Я откинул тяжелое одеяло, почувствовал запах дорогих сигар, в дыме которых провел вчера весь вечер. Прием у Полякова… Пили шампанское, потом коньяк.
Дом банкира гудел, словно растревоженный улей, от множества голосов, смеха, и приглушенного звона хрусталя. Лазарь Соломонович, в мундире тайного советника, с орденами, порхал от одного гостя к другому, словно опытный дирижер, управляющий сложным оркестром. Его глаза горели, улыбка была широкой и искренней, и он, казалось, наслаждался каждой минутой этого тщательно спланированного представления. Лазарь представил меня буквально всем, словно заезжую поп-звезду. «Шериф Юкона», «Король Клондайка», мне кажется, что половину эпитетов он придумывал прямо на ходу. Это льстило, но в то же время слегка раздражало, поскольку я прекрасно понимал, что мне не нужны были его рекомендации. Весь мир и так знал про клондайкскую лихорадку, имя шерифа Юкона, благодаря только что вышедшему в России переводу книжки Лондона, было на слуху, и мой статус уже не требовал подтверждений.
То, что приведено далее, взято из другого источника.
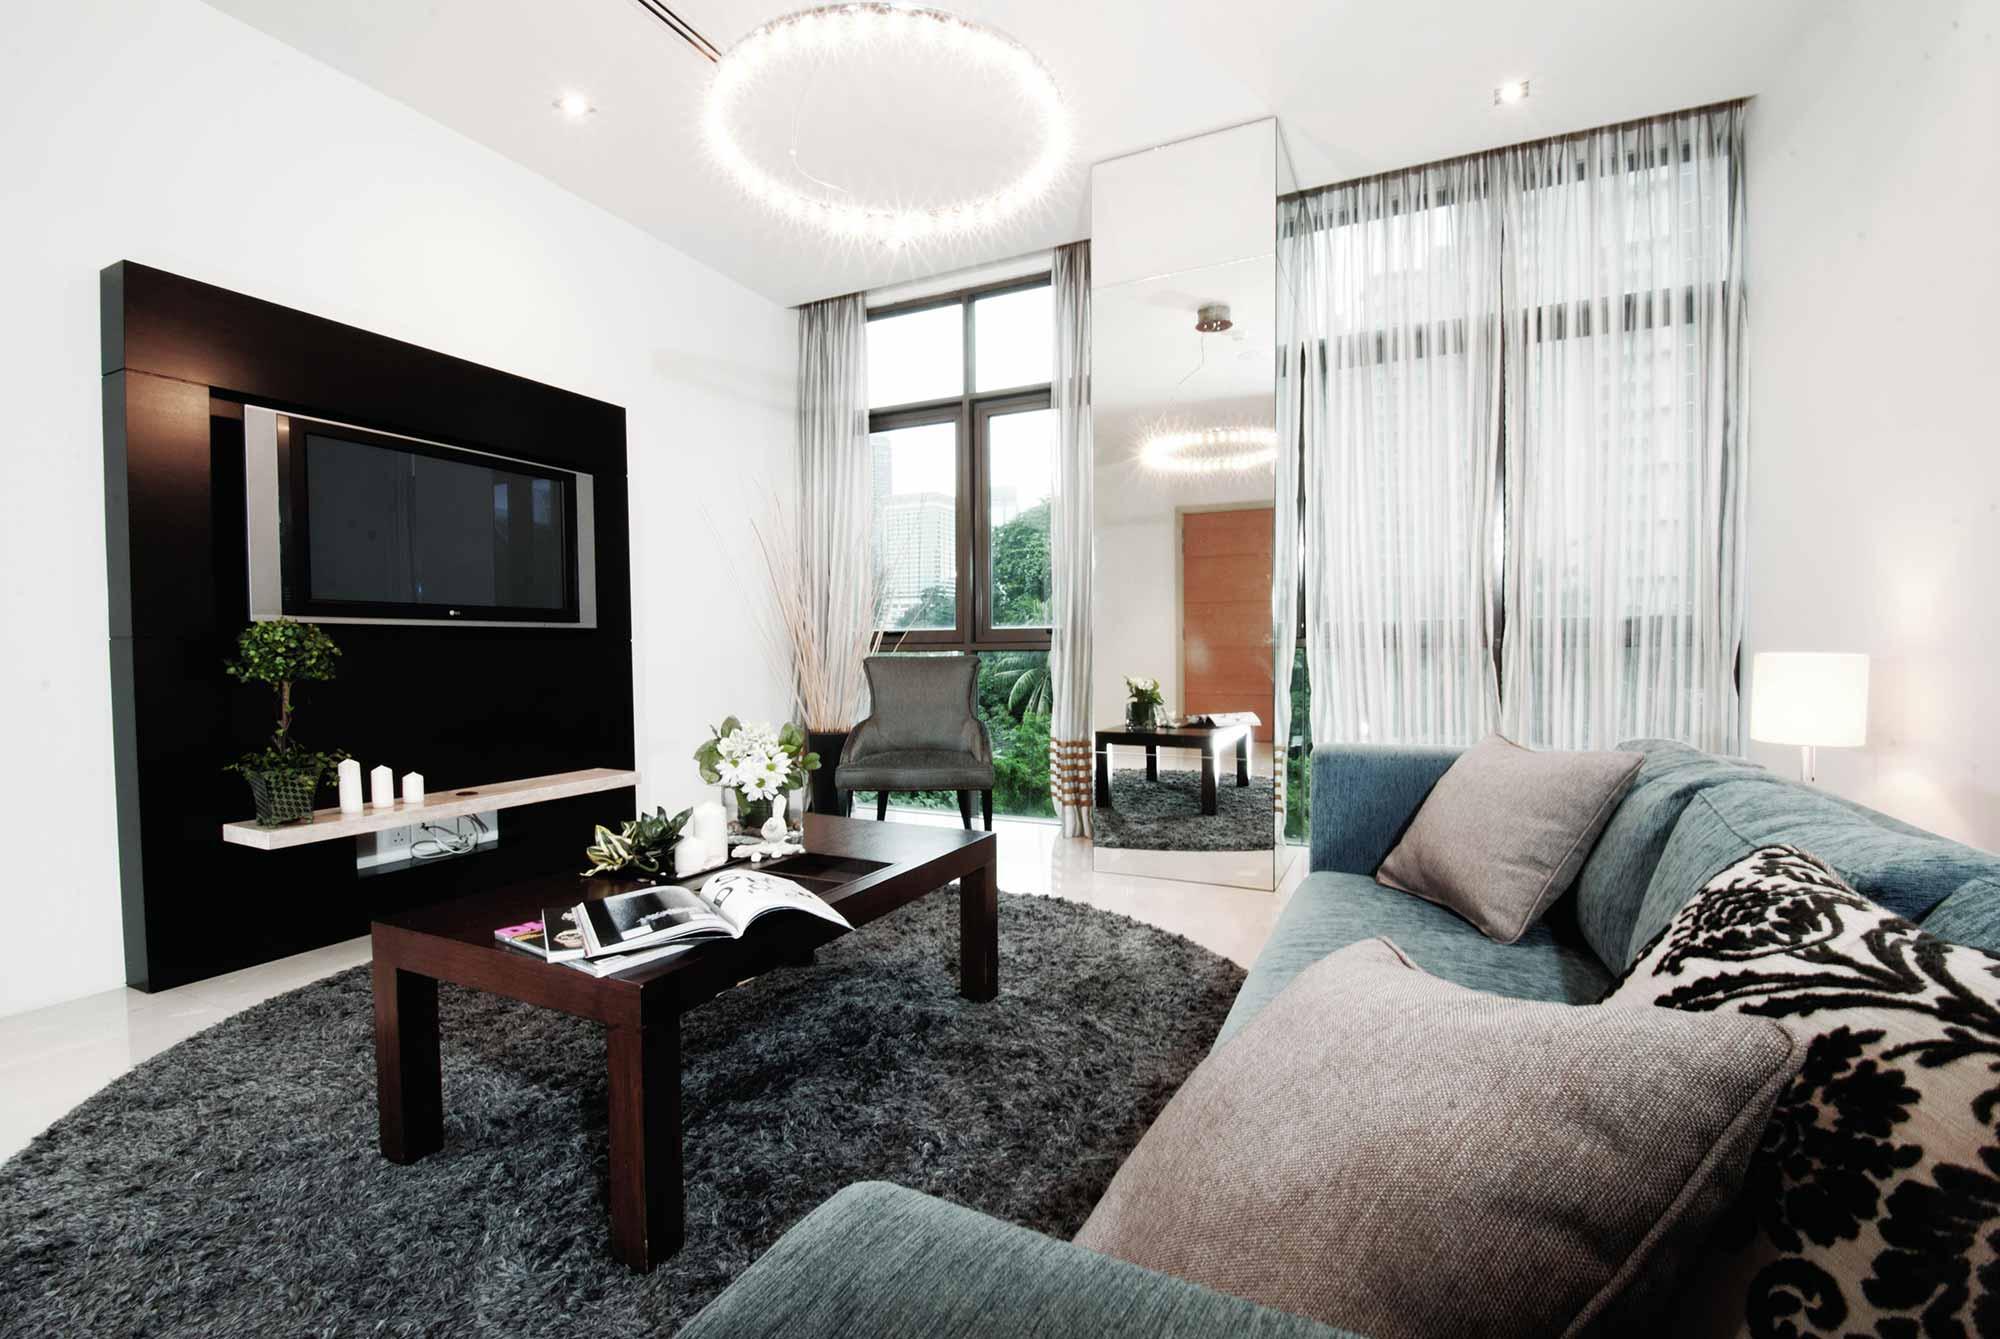 Suria-stonor-Guest-room
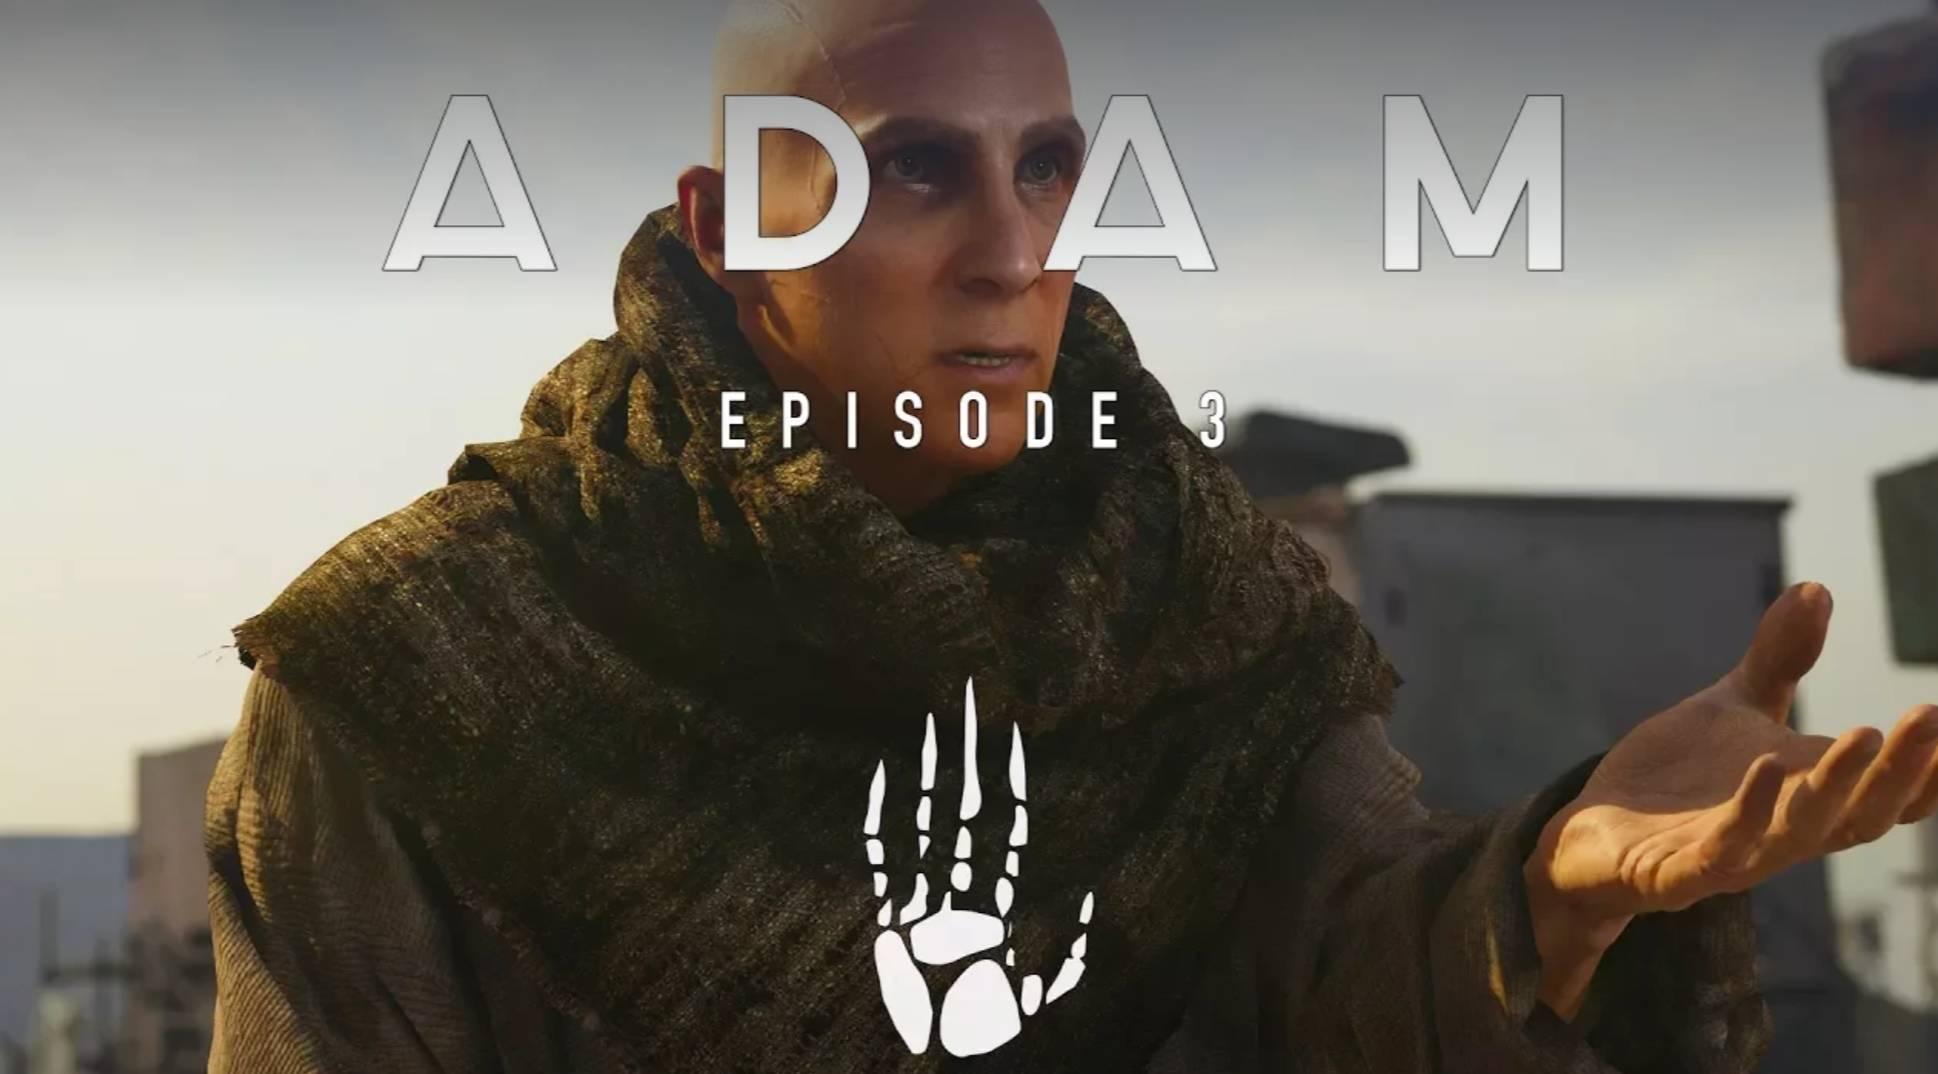 Unity实时渲染电影短片《ADAM 3》发布!

В череде гостей, что проходили мимо, мелькали все ключевые фигуры московского капитала. Текстильный клан представляли Савва Морозов и семья Прохоровых, чья Трехгорная мануфактура была известна по всей России. Морозов, крепкий, с окладистой бородой, производил впечатление человека цельного, но несколько тяжеловесного, словно гранитная глыба, а Прохоровы, наоборот, казались более резвыми, деловыми.
Зерноторговцы, Эрлангеры и Бугровы, были более шумными, их голоса, казалось, звучали более громко, чем у остальных, словно они привыкли перекрикивать гул рынка. Они, кстати, первыми и поднабрались, практически не закусывая спиртное. Но оставались на ногах и не дебоширили. Опыт! Уже поздно вечером, прибыл Павел Рябушинский, его появление было тихим, почти незаметным, но от него, казалось, исходила какая-то особая, скрытая сила.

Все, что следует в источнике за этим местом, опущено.